We'd like to remind Forumites to please avoid political debate on the Forum... Read More »
📨 Have you signed up to the Forum's new Email Digest yet? Get a selection of trending threads sent straight to your inbox daily, weekly or monthly!
Paul McKenna "I Can Make You Thin!"
Options
Comments
-
Day Thirteen: Well, good day again. It's Saturday night, and I haven't binged. BIG triumph! I'm really pleased with that. I'm trying to reinforce an aversion to crisps, which means that I'm serious about this.
I had a great day, and I haven't actually over-eaten or thought about food much. I have been hungrier than previously, but I think it's because my period is due; so I'm kind of just going with it, and eating more because I'm still hungry.
I have a slight pull to looking at calories and saturated fat when I'm shopping, but I'm forcing myself not to do that; my resolution was to stick to this for ninety days, and I don't think it works if I would introduce 'diet' concepts in. Having said that, I like having a latte on the way to work, and I've been having full fat and not skinny. I've been thinking I should either switch or not have them (and save money!), because they are so fatty. I think it would be better to not have them and make it about saving money and not saving calories!!
What else? I have got into this habit of making dinner a bit of a ritual now (in a good way). I light a candle, pour myself a glass of sparkling water, use a napkin; and I try to make it last about thirty minutes - I still listen to the CD whilst I eat. I like making my meals look really appealing, and putting lots of odds and ends on it from the fridge. It's a completely different way of eating, and saving lots of money because I'm not bingeing (which is expensive, let's face it).
I'd like to get through Sunday without bingeing. I have a plan to counteract what I did last week, so that's good. You know what? I think I would recommend ICMYT as a great way to focus on overcoming bulimia. It's helping me, at any rate. I was watching this guy in the coffee shop eating carrot cake earlier. He was shovelling it in, cutting up the next piece as he was swallowing one bit. It made me think that he wasn't actually tasting or savouring his cake, but just wolfing it down. That's what I would have done before. But now, every mouthful is savoured, and eating slowly makes a massive difference. It's kind of frustrating when something is delicious, and I realise that I'm full!!
Anyway, it's been a good Saturday, so I'm pleased about that. *Fingers crossed* that I can get through Sunday as successfully. I really really really dont' want to binge.0 -
You sound like you are doing really well Honey so well done you!
I felt the urge to eat and eat on Friday (had this terrible hollow feeling) and I've worked out why. I was feeling really emotional on Friday and I was using the food to stuff back down the emotion. Needless to say I should have just dealt with that a moved on but I didn't. However I wasn't hungry the rest of the day after pigging out all morning so at least I tuned in after that and didn't eat for the sake of it.
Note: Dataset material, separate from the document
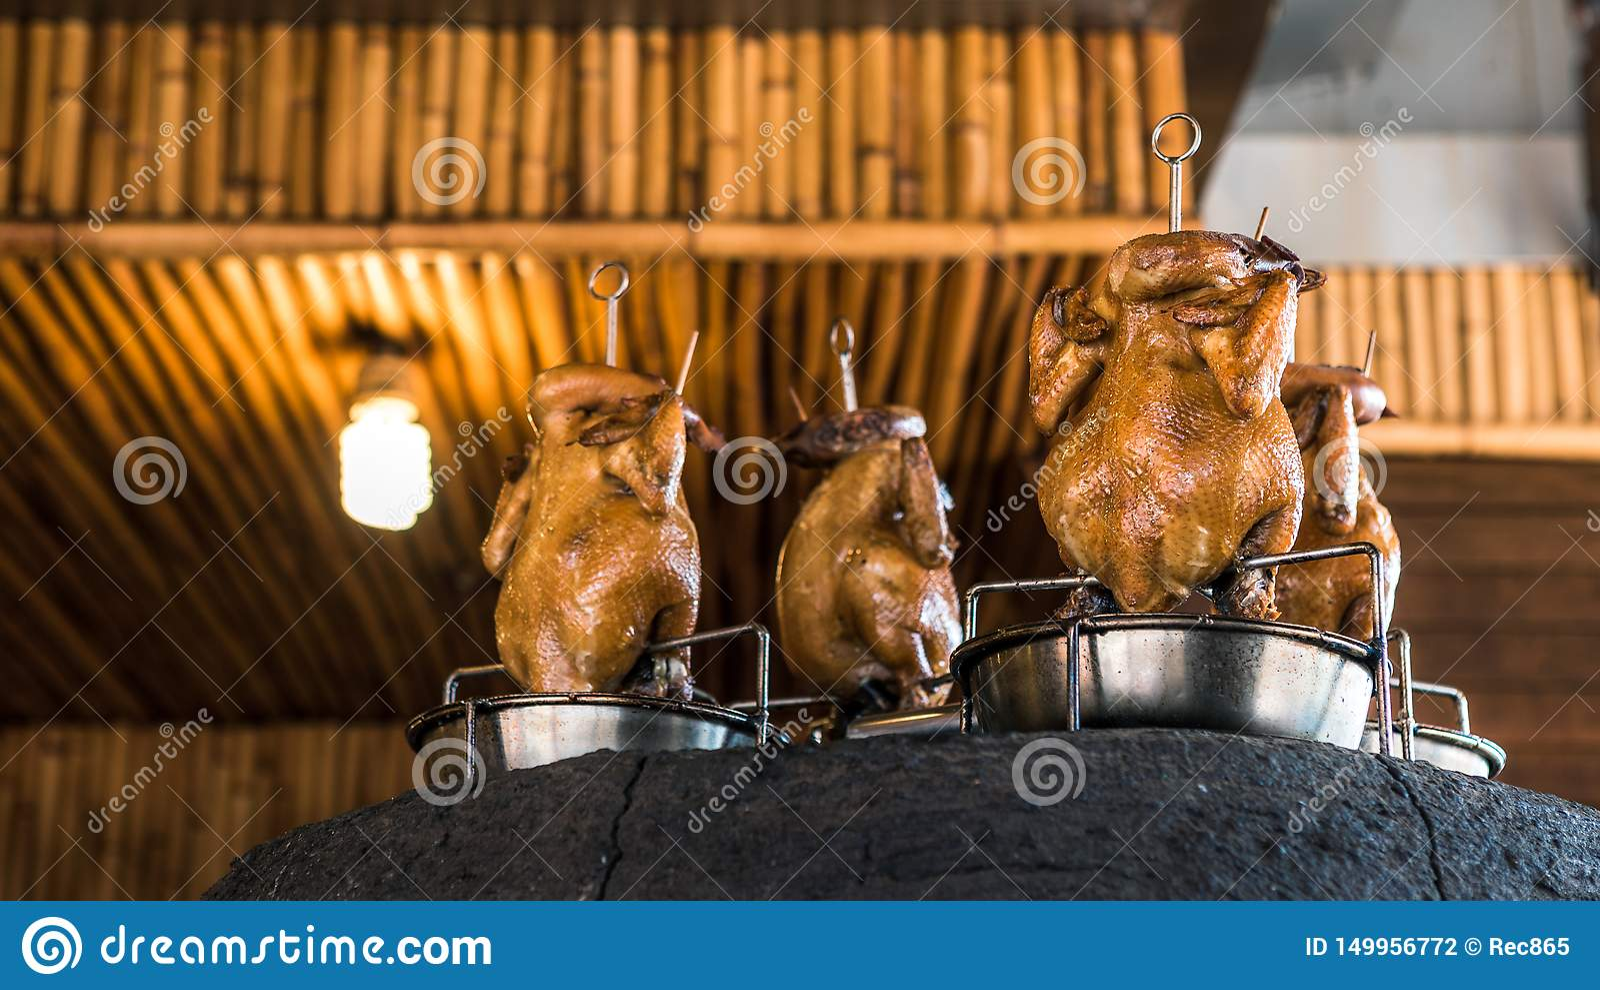 Тайваньская печь для обжига кирпича и жареный цыпленок в огромной печи глины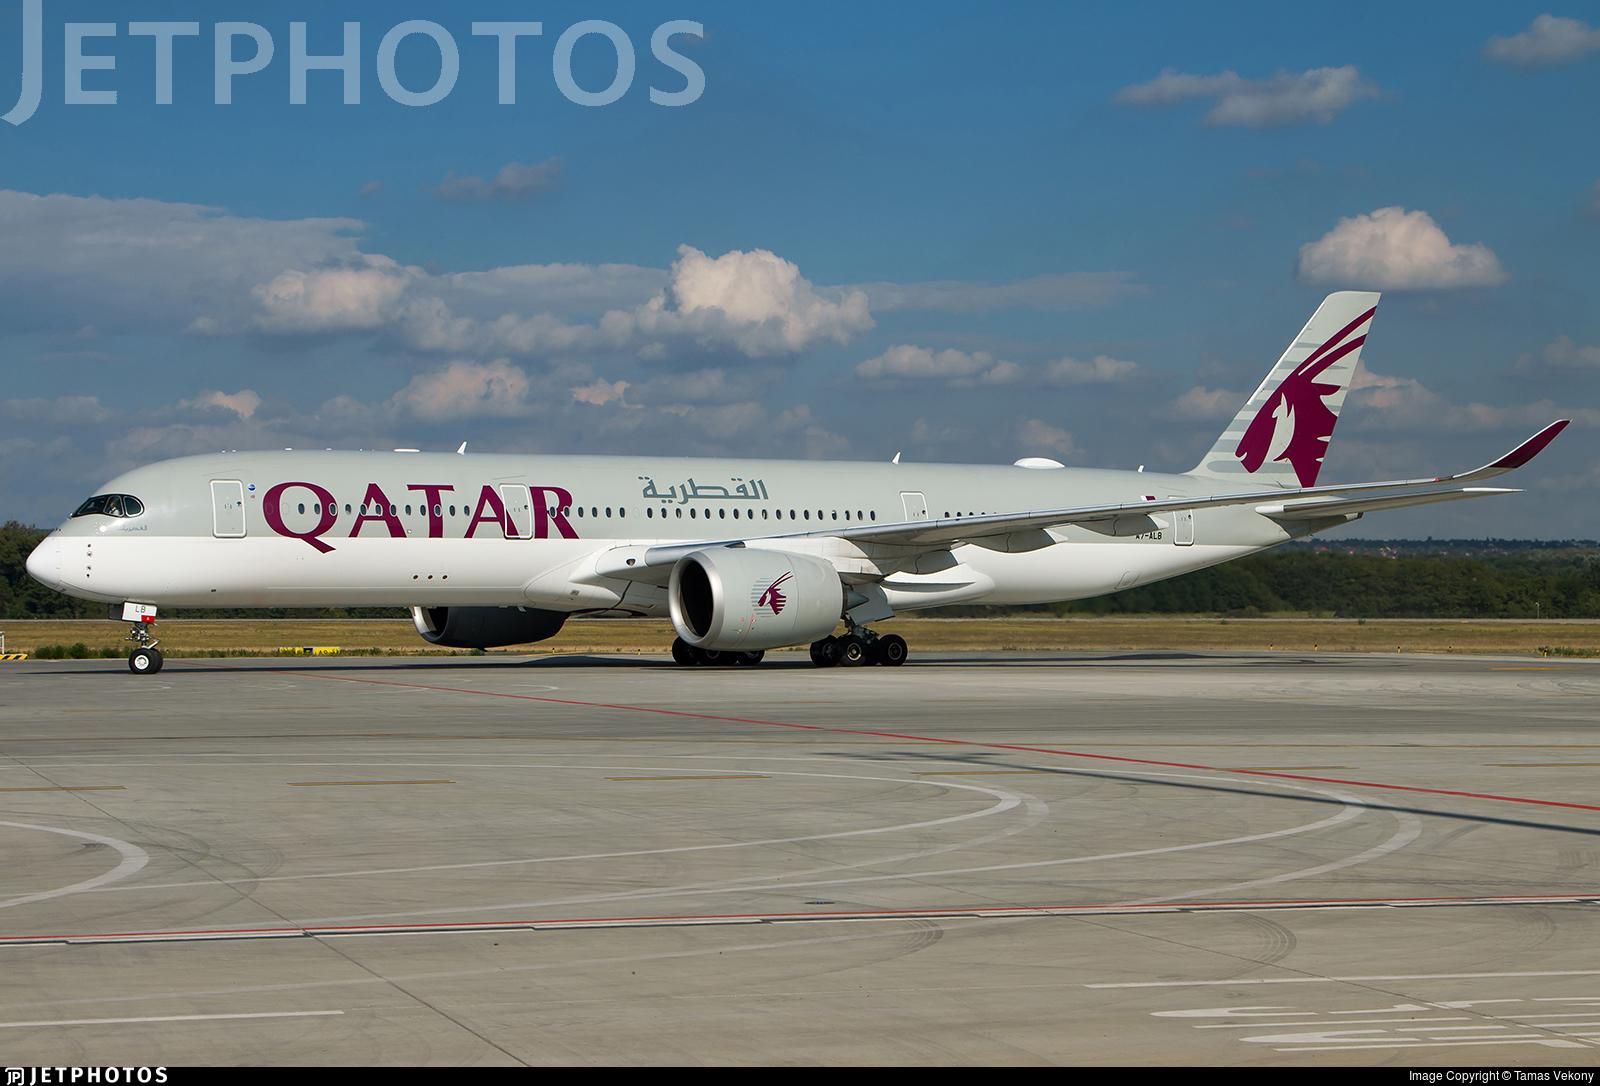 A7-ALB - Airbus A350-941 - Qatar Airways

Have eaten brekkie this morning and I think I am needing a coffee (not had one yet just fruit juice) and yet I am telling myself I need to eat something instead. In the past I would have just eaten whatever was to hand but I am trying to focus on my emotion and what I am feeling and work out whats really going on. It's going to take some time as old habits do die hard but feeling positive that I can start listening to my body. Really the weighloss is an added bonus, my main focus is now shifting to having a better relationship with food. My H still talks about food as being good and bad and I am realising that its wrong to view it that way. Its just food. end of.
I have a confession though. I am so used to eating whilst doing other things like reading, watching TV and using the 'puter that I actually find it really boring to just sit and eat slowly whilst concentrating on the foodI hope that gets better........
And I've worked out why I always eat when I am at home with the kids. I was explaining to my H, I am not bored of being with the kids but I am not able to read and book and look after them or watch a film I like and look after them. However what I can do is eat and look after them. Eating is portable and doesn't detract my attention from them so it was an easy way to pass some time. Funny how I never thought about this before.Sorry this post has been a bit rambly but it helps for me to put it all down on "paper".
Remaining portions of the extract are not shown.